A study being conducted by the University of Virginia and West Virginia University, and funded by the National Science Foundation’s Smart Health and Wellbeing program, proposes that pharma companies can use social media to not only collect consumer feedback, but also alert FDA to drug problems and reactions more quickly.
According to a 2012 study by Pew Research, 65% of U.S. Internet users participate in one or more social media outlets. With people increasingly using the Web to learn about their symptoms, share information and broadcast their ailments to friends and family in their social media circles, University researchers will filter through numerous posts and messages on open blogs, boards, Facebook and Twitter to search for early warning signs of adverse drug reactions, which may have been later reported to FDA through official consumer and doctor channels.
Researchers involved in the study hope that the data collected may help modernize drug surveillance and bring issues to light much quicker.
According to The Huffington Post, “The FDA primarily relies on physicians and patients to enter suspected adverse events into a database of voluntary reports that have nearly doubled over the last five years and totaled around 800,000 in 2010, the latest figure available from the Agency.
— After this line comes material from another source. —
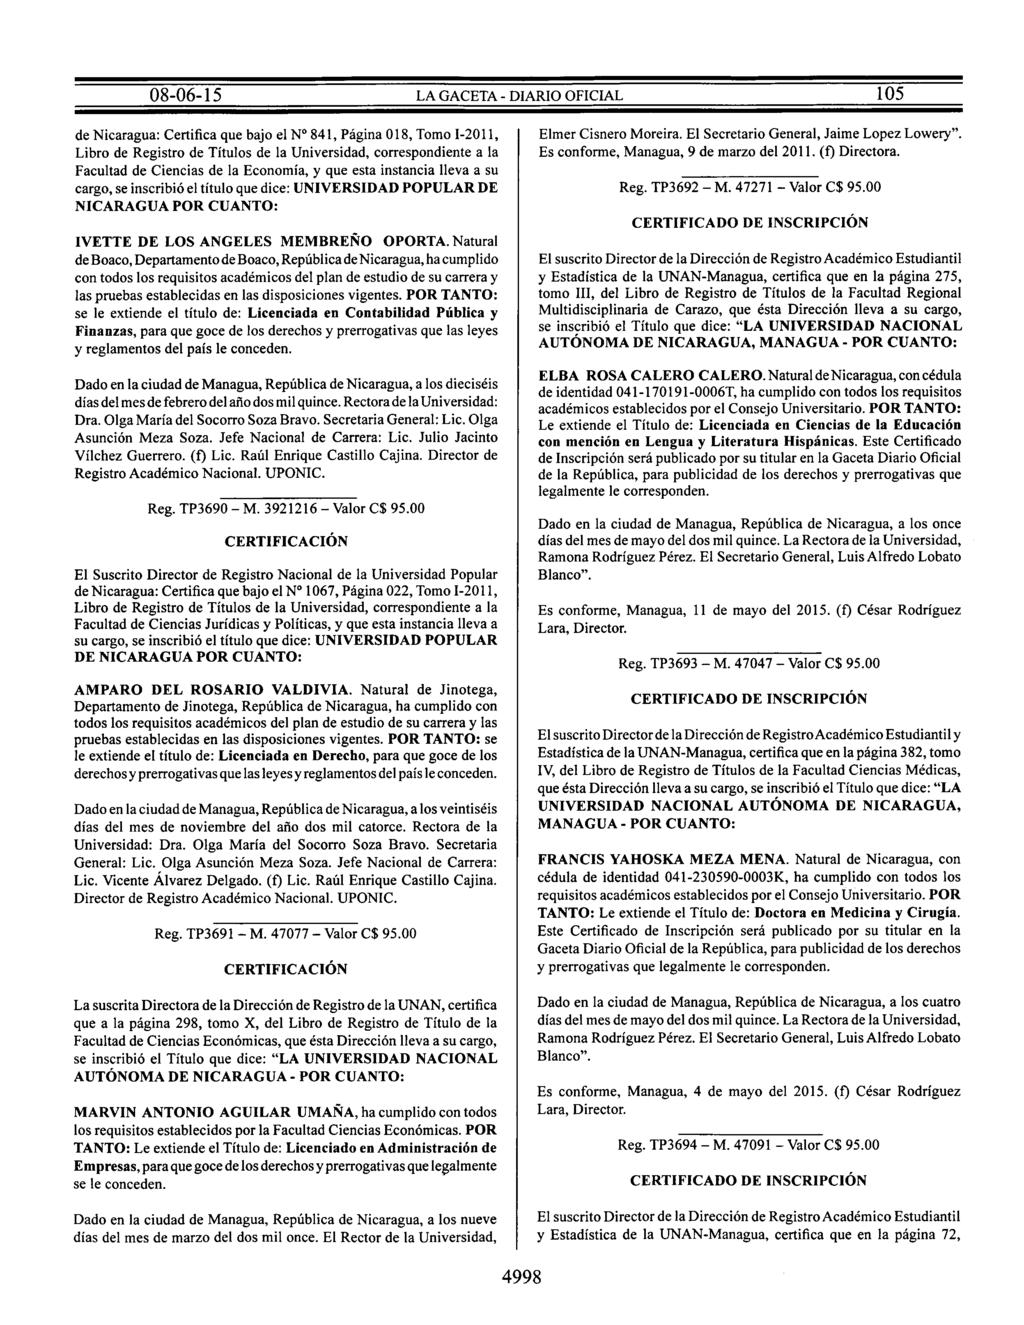 de Nicaragua: Certifica que bajo el Nº 841, Página 018, Tomo I-2011, Libro de Registro de Títulos de la Universidad, correspondiente a la Facultad de Ciencias de la Economía, y que esta instancia

It can take multiple cases before someone at the Agency detects a pattern worth investigating. Then it conducts an investigation to determine whether the drug caused the side effects.”
However, early detection of adverse reaction may have negative consequences for pharma companies as well, making companies liable for drug reactions much sooner, but unable to discern from exaggerated or false reports.
Dr. Jerry Avorn, an expert in pharmaceutical safety at Harvard Medical School, suggested that “crowdsourcing” research on something as subjective as drug effects may not yield the most reliable results and instead cited FDA’s Sentinel program, which allows the agency to track the medical records for tens of millions of patients at the first hint of an adverse reaction.
West Virginia University professor, Donald Adjeroch, who is co-leading the project and believes that the creation of a manageable database would allow the industry and FDA to inevitably help patients sooner said, “If you get one thousand people saying the same kind of thing (about a drug), you know that there is maybe something going on somewhere.”
While there may be both negative and positive consequences of tracking early drug reactions for industry and regulators, it appears that anything that can help increase patient safety and knowledge is a step in the right direction.